Apple od lat znane jest z wielu zaskakujących, nierzadko kontrowersyjnych decyzji.
Najnowsze doniesienia, choć niepotwierdzone mogą istotnie wpłynąć na losy kolejnej generacji iPhone’ów.
Czym mogłaby być podyktowana „metalowa” decyzja jeśli faktycznie okaże się prawdą?
Czyżby szał tytanicznych jabłek?
To, co uczynił owocowy gigant z USA w przypadku wersji 15 i 16 z dopiskiem „Pro” stało się nowym trendem. Nie chcąc pozostać w tyle podobny ruch poczynił między innymi Samsung w przypadku tegorocznego Galaxy S24 Ultra. Jakkolwiek powszechnie wiadomo, że ekscentryk zmiennym jest i lubi mieć swoje „humory”. Jeśli to, co obecnie ma status nie do końca potwierdzonych pogłosek, okaże się prawdą, w najbliższym czasie rynek może czekać niemałe przetasowanie.
Według najnowszych doniesień GSMArena, Apple ma rzekomo zrezygnować z bądź co bądź sporo droższego metalu na rzecz aluminium. Według tego, o czym słyszało się do tej pory, zmiana miała dotyczyć jedynie iPhone 17 Air. Na ten moment wiele wskazuje na to, że podobnie miałoby być także w przypadku wariantu Pro i Pro Max. Jeśli wieści okażą się prawdą, oznaczałoby to powrót do standardów stosowanych w przeszłości przez lata.
Z TI na AL, taki może być główny cel w przypadku iPhone 17
Modyfikacji miałby ulec przede wszystkim tylny panel smartfona. Większość miałaby być na powrót pokryta metalem, nie jak obecnie szkłem. To z kolei byłoby pozostawione jedynie w dolnej części tak, aby nadal umożliwiać ładowanie indukcyjne. Aluminiowa, choć tym razem większa, miałaby być także prostokątna wyspa kamery tak, aby pomieścić jeszcze bardziej zaawansowane obiektywy.
Jak powszechnie wiadomo tytan jest uważany za króla wytrzymałości wśród pierwiastków, jednocześnie jest też stosunkowo lekki i w dużej mierze dlatego zdecydowano się wykorzystać go w przypadku iPhone 15 i 16 Pro. W parze z trwałością idzie też jednak mała plastyczność, która znacznie utrudnia obróbkę, co zwiększa koszty. Prawdopodobnie Apple ma zamiar z niego zrezygnować właśnie ze względów finansowych. W końcu marża musi się zgadzać.
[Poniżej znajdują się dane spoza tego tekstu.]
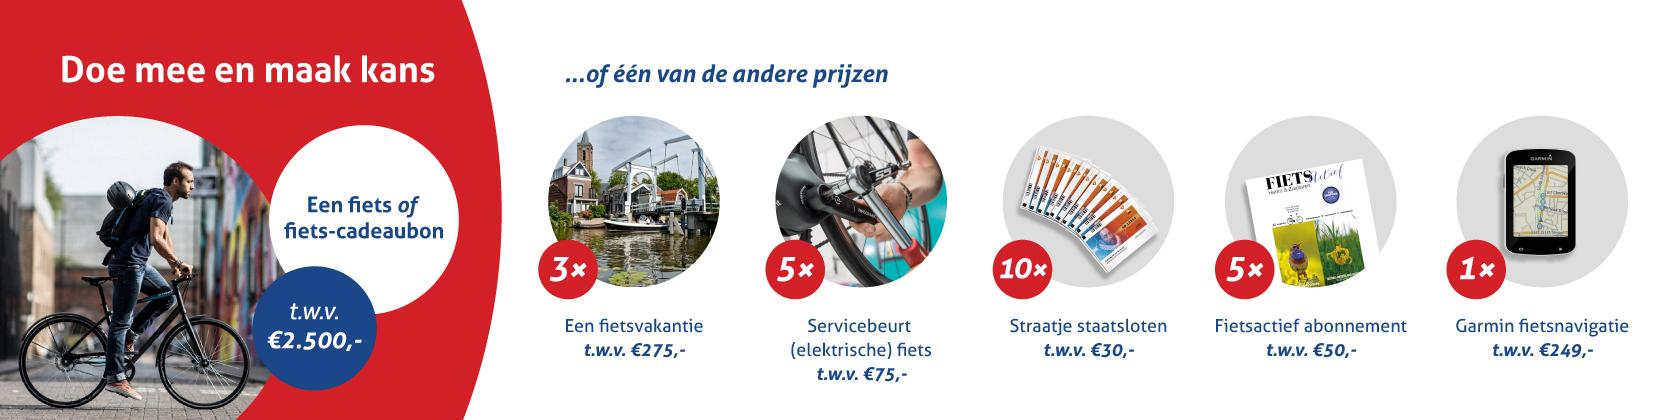 AD Fietstest.nl winactie

Informacje przekazane przez redakcję GSMArena, póki co mają status przecieków, a nawet bardziej niepotwierdzonych plotek. Jednak oryginalne źródło tych wiadomości wiele razy w przeszłości okazywało się rzetelne i wiarygodne. Wysoce prawdopodobne jest więc, że tak może być i tym razem.